2. Description of the Related Art
A technique of interest to the present invention has been disclosed, for example, in Japanese Unexamined Patent Application Publication No. 2001-291959. Japanese Unexamined Patent Application Publication No. 2001-291959 discloses a method for manufacturing a multilayer ceramic substrate by firing a laminate including base green sheets including a low temperature sintering ceramic material and shrinkage suppressing inorganic material layers including a shrinkage suppressing inorganic material laminated thereto, which attempts to solve the following problem. The problem is that at the stage at which a shrinkage suppressing effect of the shrinkage suppressing inorganic material layers does not act on the base green sheets during a firing step, a conductive paste body defining wire conductors provided on a green laminate starts to shrink, and as a result, in an obtained multilayer ceramic substrate, cracks, bumps, and gaps may be generated. In Japanese Unexamined Patent Application Publication No. 2001-291959, in order to solve the problem, the conductive paste body is formed using a copper-based conductive paste including Cu2O, and an oxygen partial pressure in a firing atmosphere is controlled during a firing step so as to make the shrinkage behavior generated when Cu2O is reduced to Cu similar to that of the low temperature sintering ceramic material included in the base green sheets.

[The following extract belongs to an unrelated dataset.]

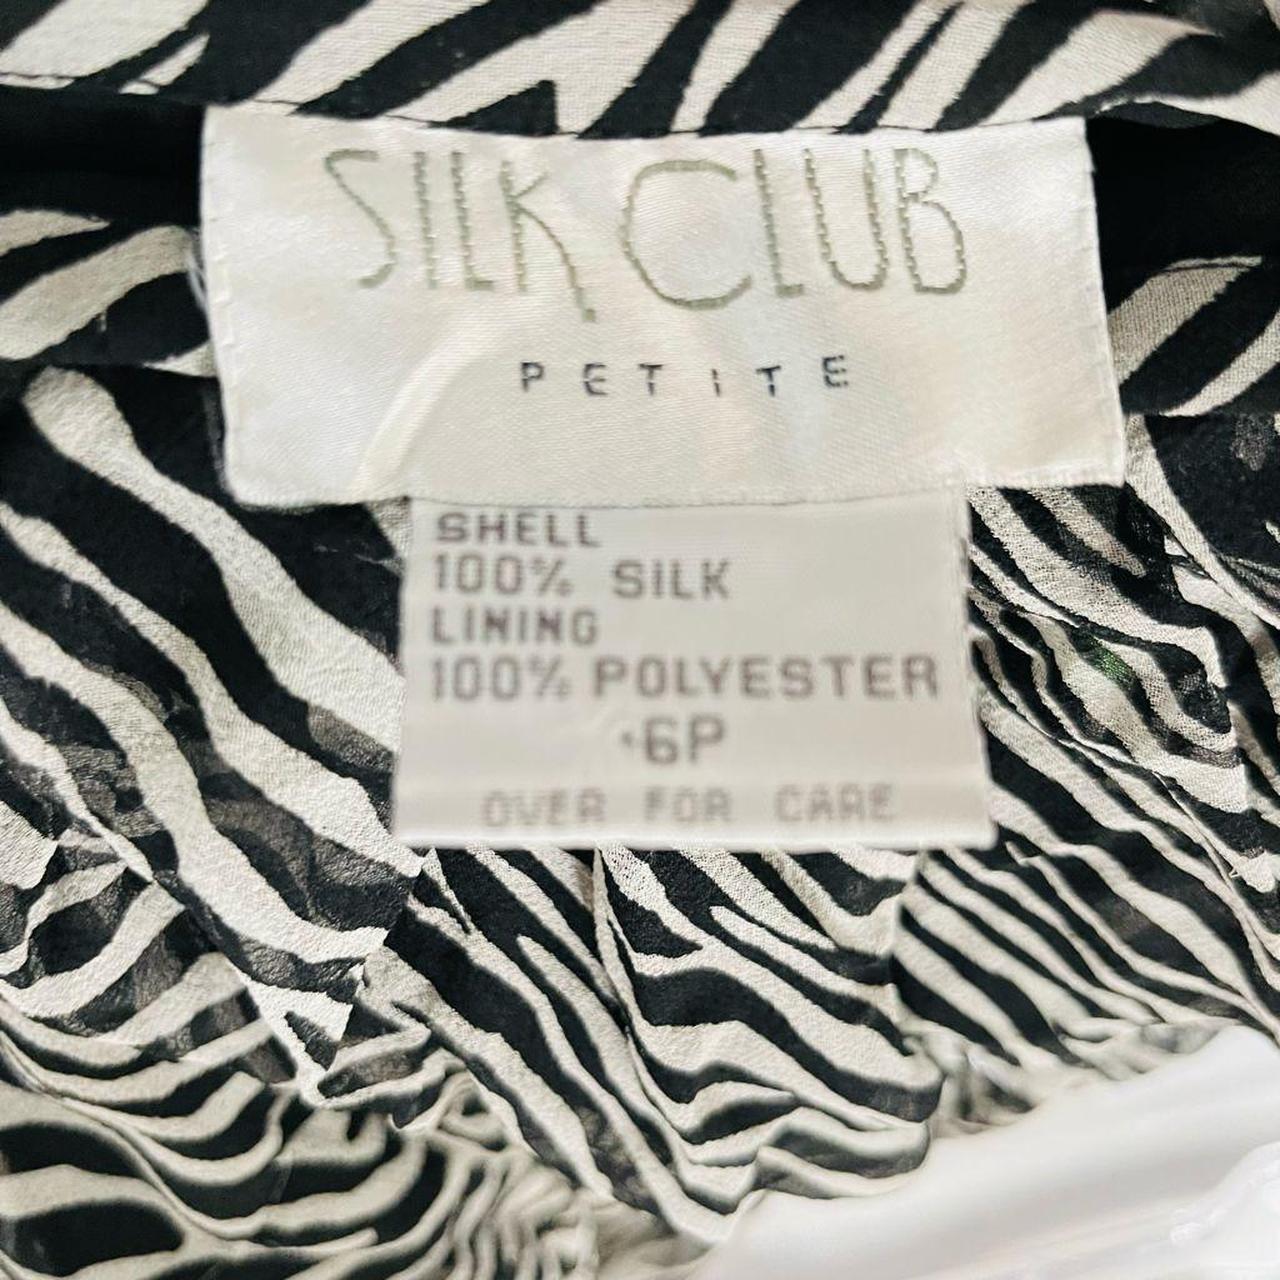 Product Image 4 - Vintage Silk Club Petite 100%

However, the technique disclosed in Japanese Unexamined Patent Application Publication No. 2001-291959 produces the following problem that must also be solved. As the wire conductors in the multilayer ceramic substrate, there are external conductive films, internal conductive films, and via hole conductors. When conductive paste films defining the external conductive films are fired simultaneously with the green laminate, the green laminate does not substantially shrink in a primary surface direction but shrinks only in a lamination direction, and the conductive paste films shrink in isotropic directions including the primary surface direction. Thus, a tensile stress caused by the shrinkage of the conductive paste films is applied to the laminate at peripheral portions of the conductive paste films, and as a result, cracks may be generated in the multilayer ceramic substrate and/or the strength thereof may be degraded.
The problems described above are particularly likely to occur when the shrinkage suppressing inorganic material layer is arranged along the external surface of the green laminate. However, when the strength of the laminate itself is taken into account, the shrinkage suppressing inorganic material layer is effectively arranged along the external surface of the laminate. The reason for this is that when the shrinkage suppressing inorganic material layer is arranged along the external surface of the laminate, a state is obtained in which a compressive stress is applied to the external surface of the laminate after firing is performed. Due to this compressive stress, it has been difficult to depart from a configuration in which the shrinkage suppressing inorganic material layer is arranged along the external surface of the laminate.
In addition, in order to form the conductive paste film, the use of a copper-based conductive paste including Cu2O reduces the generation of cracks and a decrease in strength to a certain extent. However, these effects may not be sufficient. In addition, the conductive paste disclosed in Japanese Unexamined Patent Application Publication No. 2001-291959 includes a glass component. Where the external conductive film is formed using the conductive paste as described above, when the shrinkage suppressing inorganic material layer or the base green sheet located under the external conductive film includes glass, or when a glass component is deposited on the external surface from the inside of the laminate during a firing step, a flat glass-rich layer having poor bonding properties is formed at a bottom surface side of the external conductive film after the firing is performed, and as a result, the bonding strength of the external conductive film may be insufficient.